- [EXERCISE PROMPT] Begin at the line that holds "Happy Thanksgiving Day" and copy each line exactly until the data below ends, including that last line but no pictures.

-- STORED DATA follows --

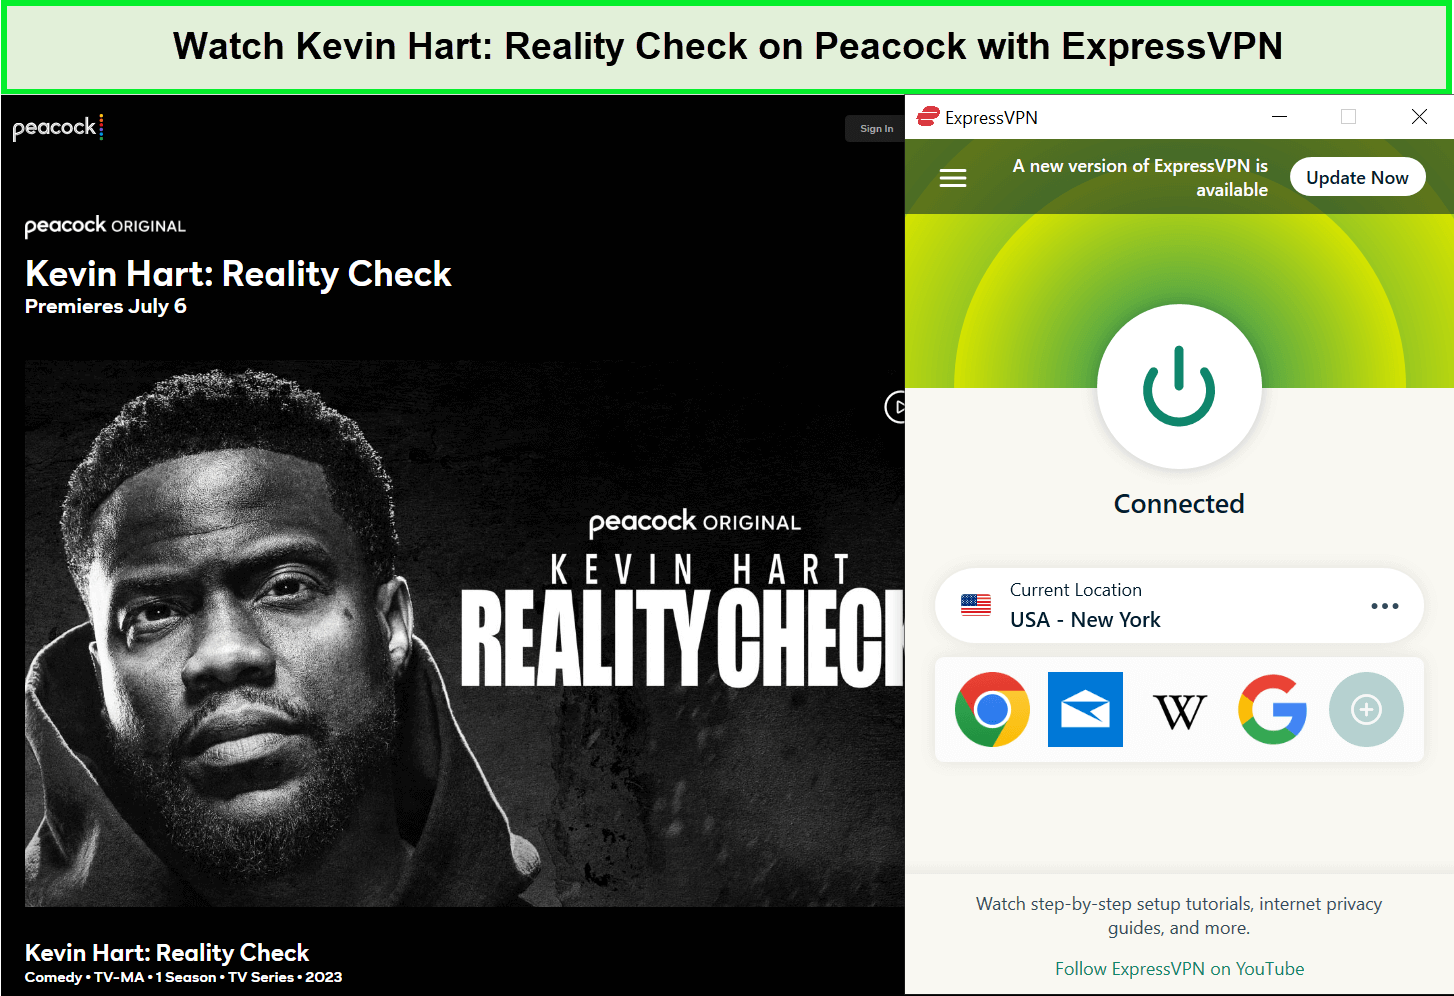 Watch-Kevin-Hart-Reality-Check-in-France-on-Peacock-with-ExpressVPN
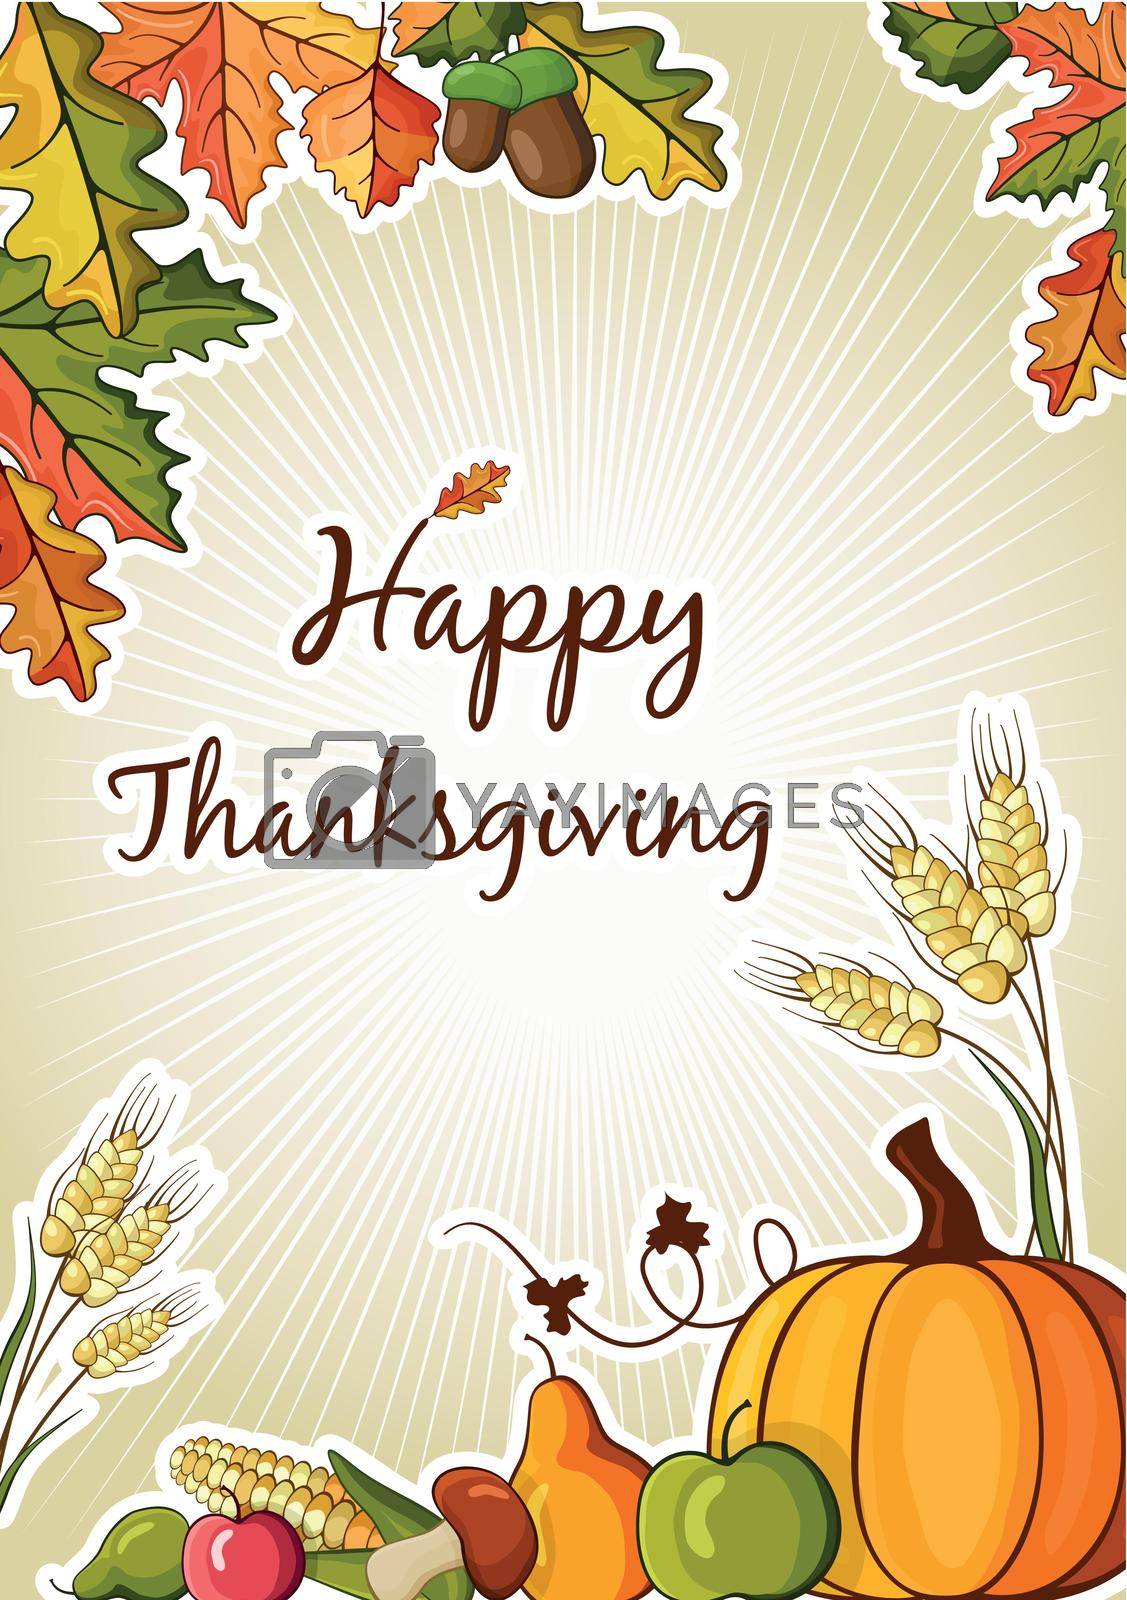 Happy Thanksgiving Day celebration flyer, banner or poster with pumpkins and autumn leaves on yellow background.
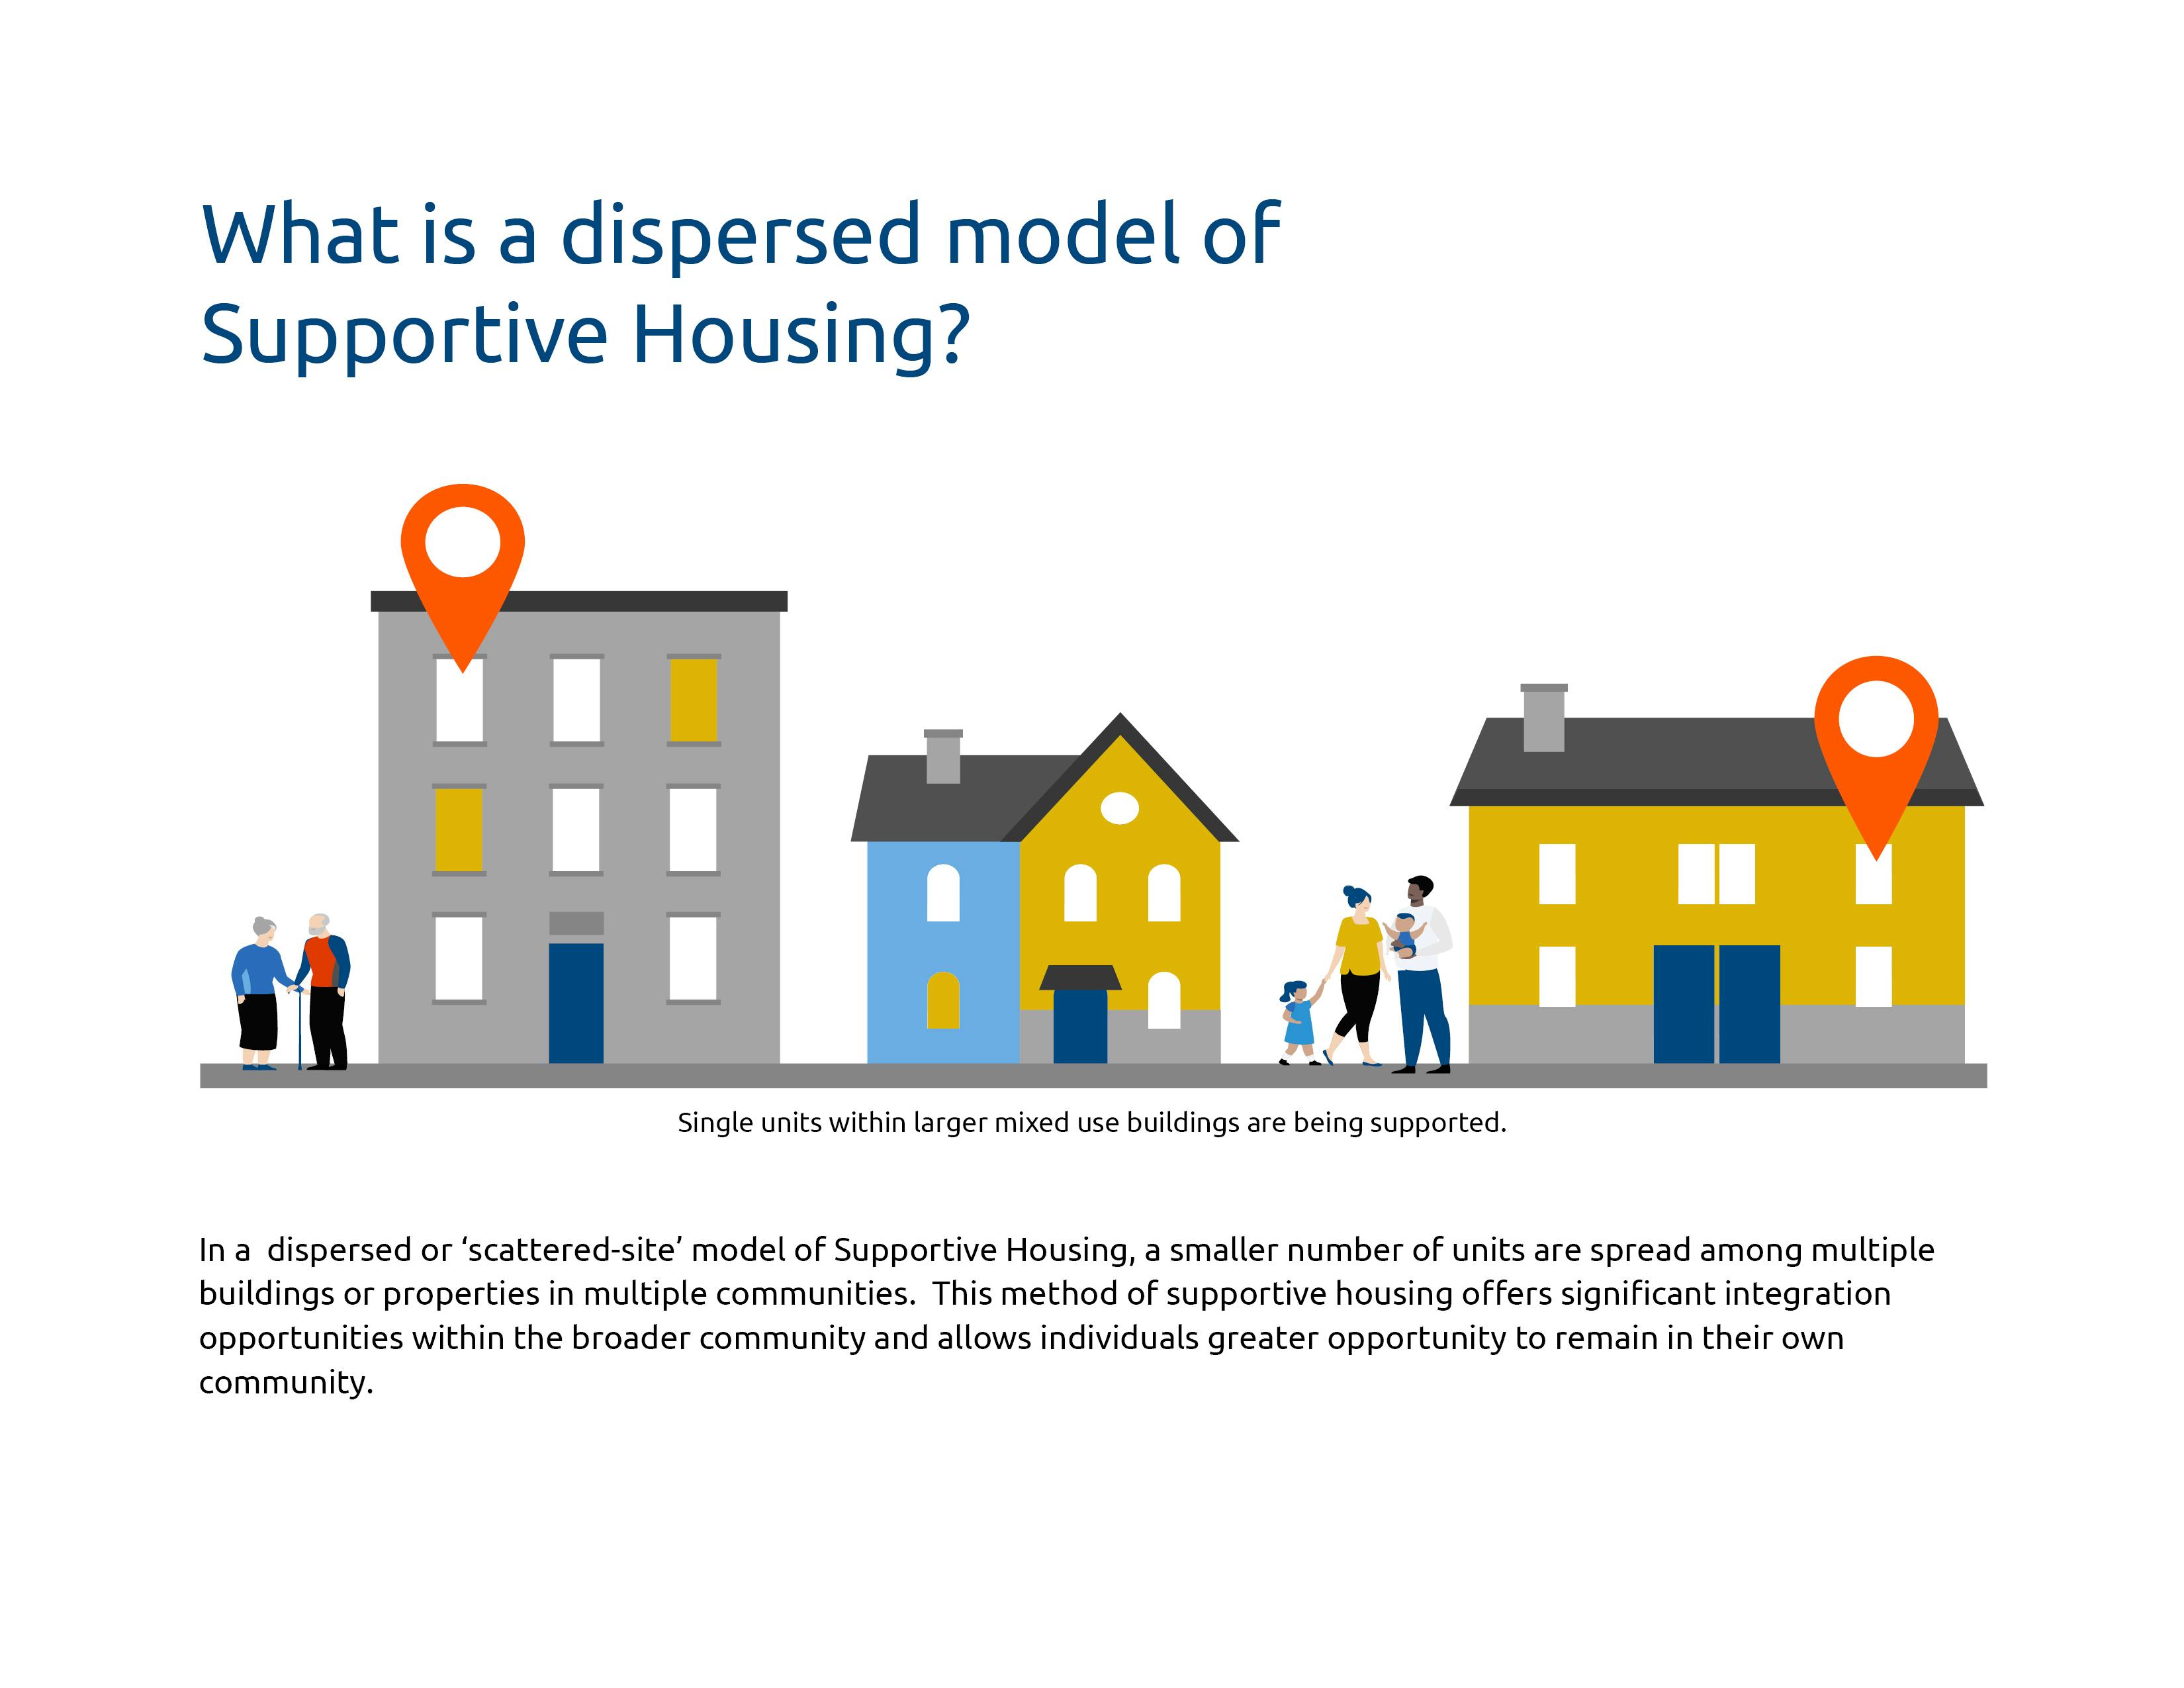 Dispersed Supportive Housing
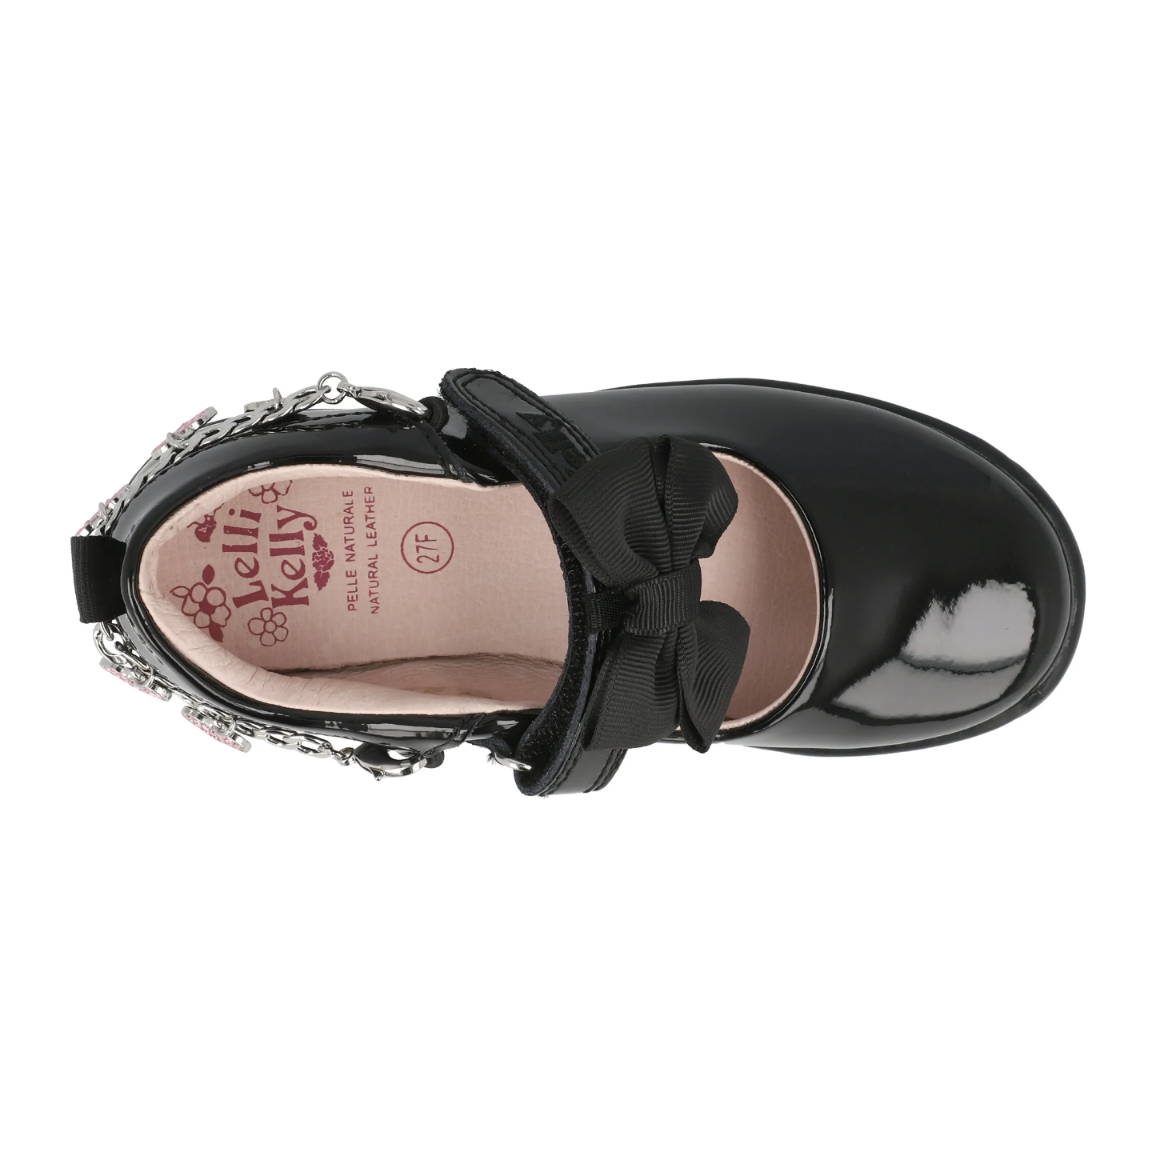 A girls Mary Jane school shoe by Lelli Kelly, style LK8224 Angel, in black patent leather with velcro fastening and detachable fabric bow and bracelet. View frpm above
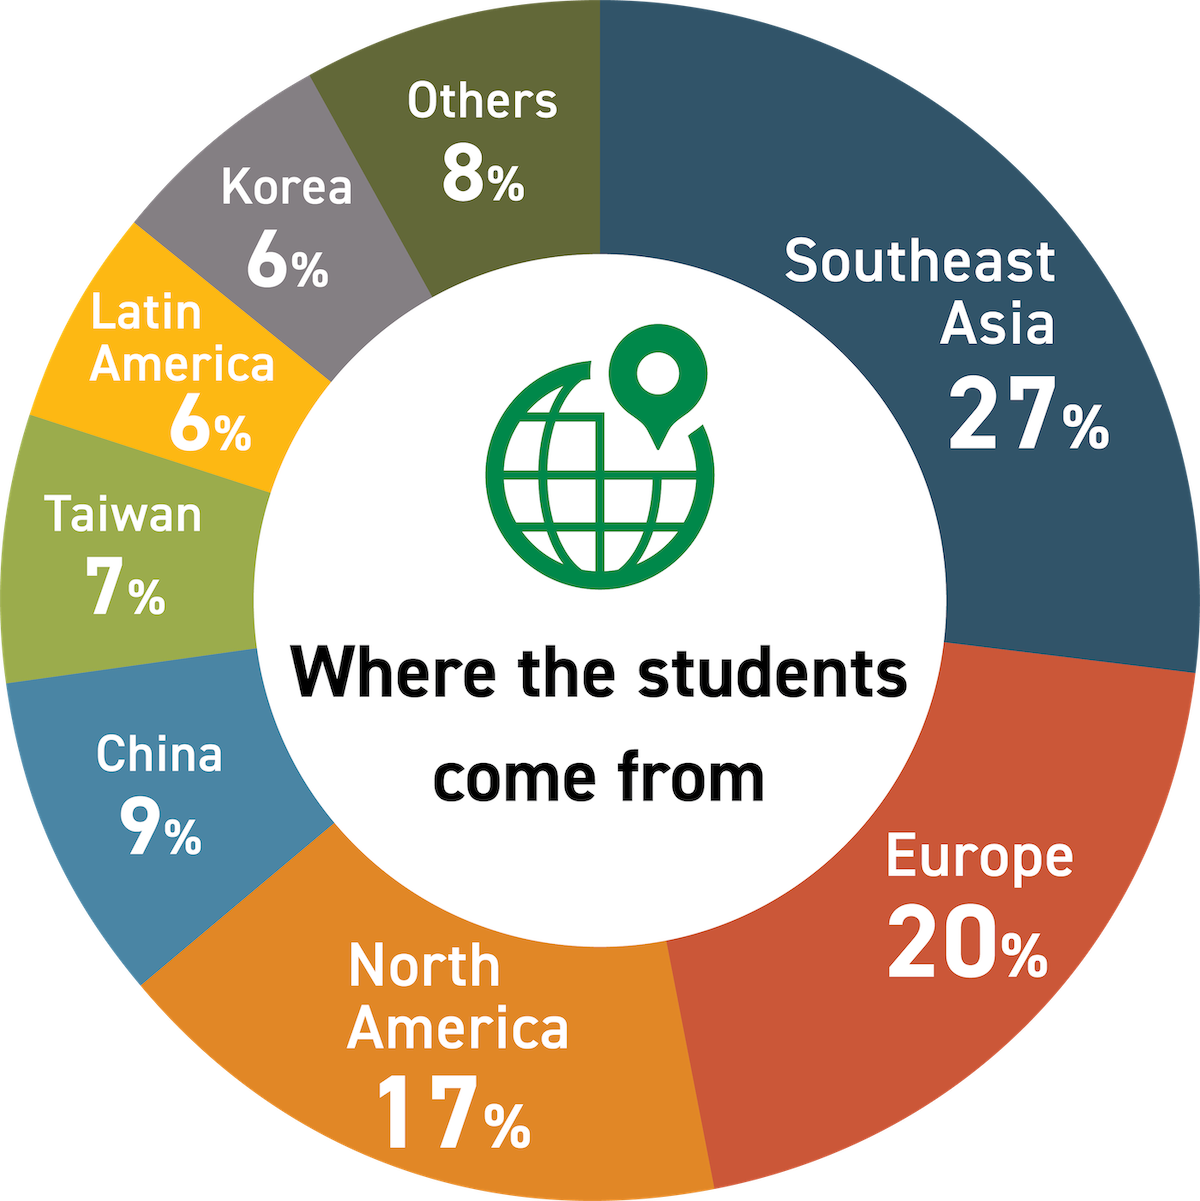 Percentage of students by region

-- STORED DATA concluded --

- [RESPONSE TO THE EXERCISE]
 Happy Thanksgiving Day celebration flyer, banner or poster with pumpkins and autumn leaves on yellow background.
 Dispersed Supportive Housing
 A girls Mary Jane school shoe by Lelli Kelly, style LK8224 Angel, in black patent leather with velcro fastening and detachable fabric bow and bracelet. View frpm above
 Percentage of students by region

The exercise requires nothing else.